More aarch64 memory barrier problems.
Attempting to build 8.8.3 on aarch64, I'm hit with loads of these while the build system is using stage 2 to build haddock:
ghc-stage2: internal error: evacuate: strange closure type -1860476400ghc-stage2: internal error:
(GHC version 8.8.3 for aarch64_unknown_linux)
evacuate: strange closure type -1860476400 Please report this as a GHC bug: https://www.haskell.org/ghc/reportabug
ghc-stage2: internal error: (GHC version 8.8.3 for aarch64_unknown_linux)
evacuate: strange closure type -1860476400 Please report this as a GHC bug: https://www.haskell.org/ghc/reportabug
(GHC version 8.8.3 for aarch64_unknown_linux)
Please report this as a GHC bug: https://www.haskell.org/ghc/reportabug
ghc-stage2: internal error: evacuate: strange closure type -1860476400
ghc-stage2: internal error: (GHC version 8.8.3 for aarch64_unknown_linux)
Please report this as a GHC bug: https://www.haskell.org/ghc/reportabug
ghc-stage2: internal error: evacuate: strange closure type -1860476400
(GHC version 8.8.3 for aarch64_unknown_linux)

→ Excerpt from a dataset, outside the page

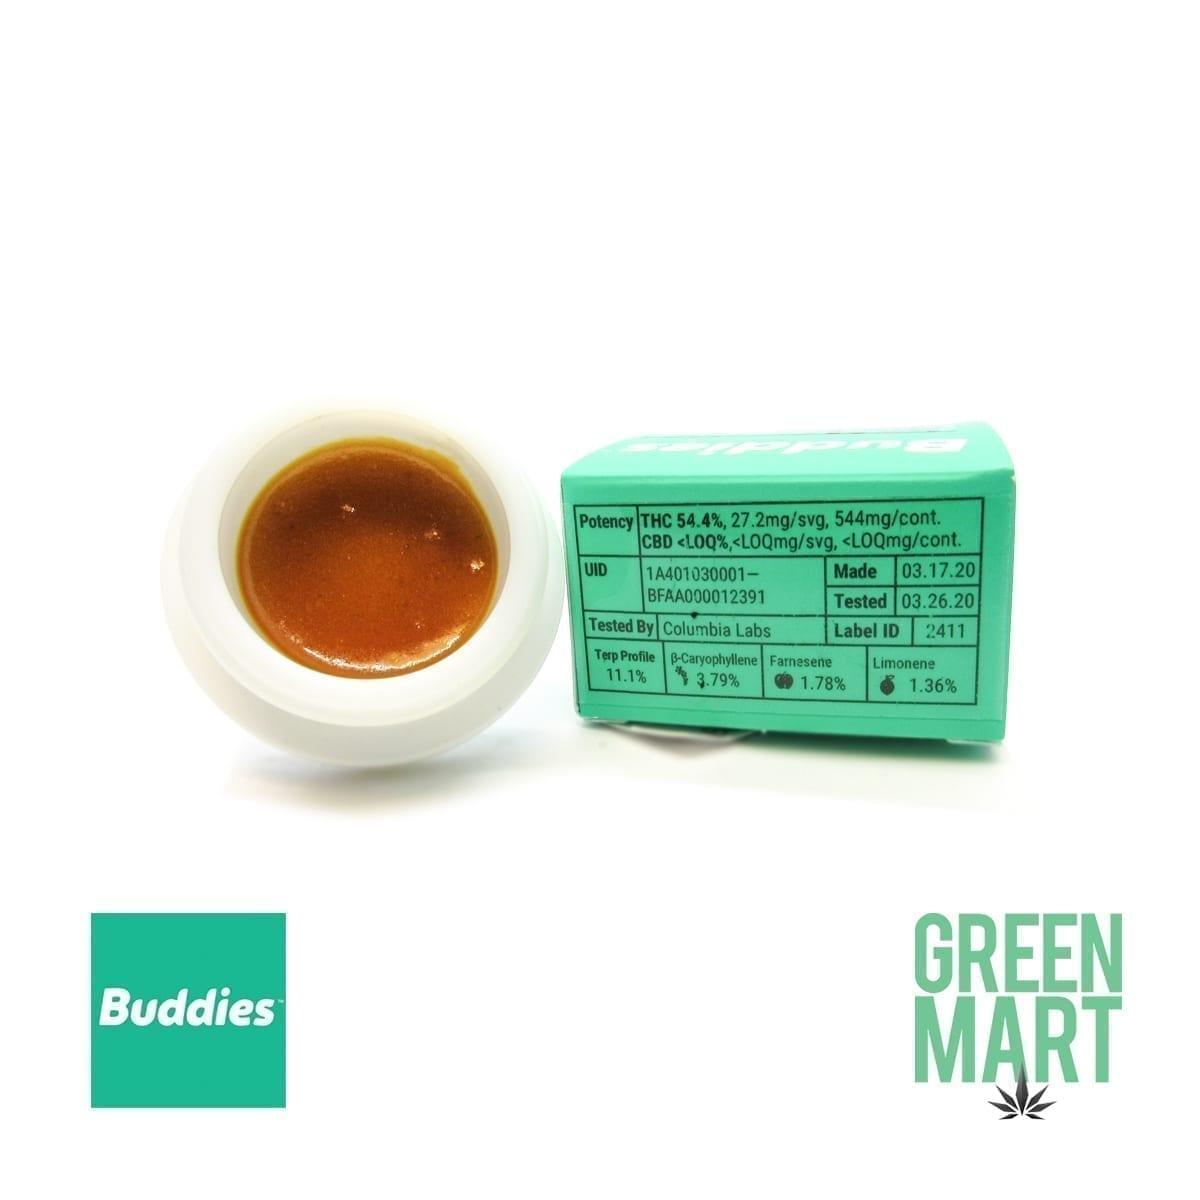 Buddies Dab - Sour OG X Gorilla Berry

Please report this as a GHC bug: https://www.haskell.org/ghc/reportabug
ghc-stage2: internal error: evacuate: strange closure type -1860476400
(GHC version 8.8.3 for aarch64_unknown_linux)
Please report this as a GHC bug: https://www.haskell.org/ghc/reportabug
ghc-stage2: internal error: evacuate: strange closure type -1860476400ghc-stage2: internal error:
(GHC version 8.8.3 for aarch64_unknown_linux)
evacuate: strange closure type -1860476400 Please report this as a GHC bug: https://www.haskell.org/ghc/reportabug
(GHC version 8.8.3 for aarch64_unknown_linux)
evacuate: strange closure type -1860476400 Please report this as a GHC bug: https://www.haskell.org/ghc/reportabug
(GHC version 8.8.3 for aarch64_unknown_linux)
Please report this as a GHC bug: https://www.haskell.org/ghc/reportabug
ghc-stage2: internal error: evacuate: strange closure type -1860476400
(GHC version 8.8.3 for aarch64_unknown_linux)
Please report this as a GHC bug: https://www.haskell.org/ghc/reportabug
I'm fairly certain this failure is nondeterministic, but building haddock produces it reliably. Re-attempting the build several times, I was unable to get it to build haddock without crashing.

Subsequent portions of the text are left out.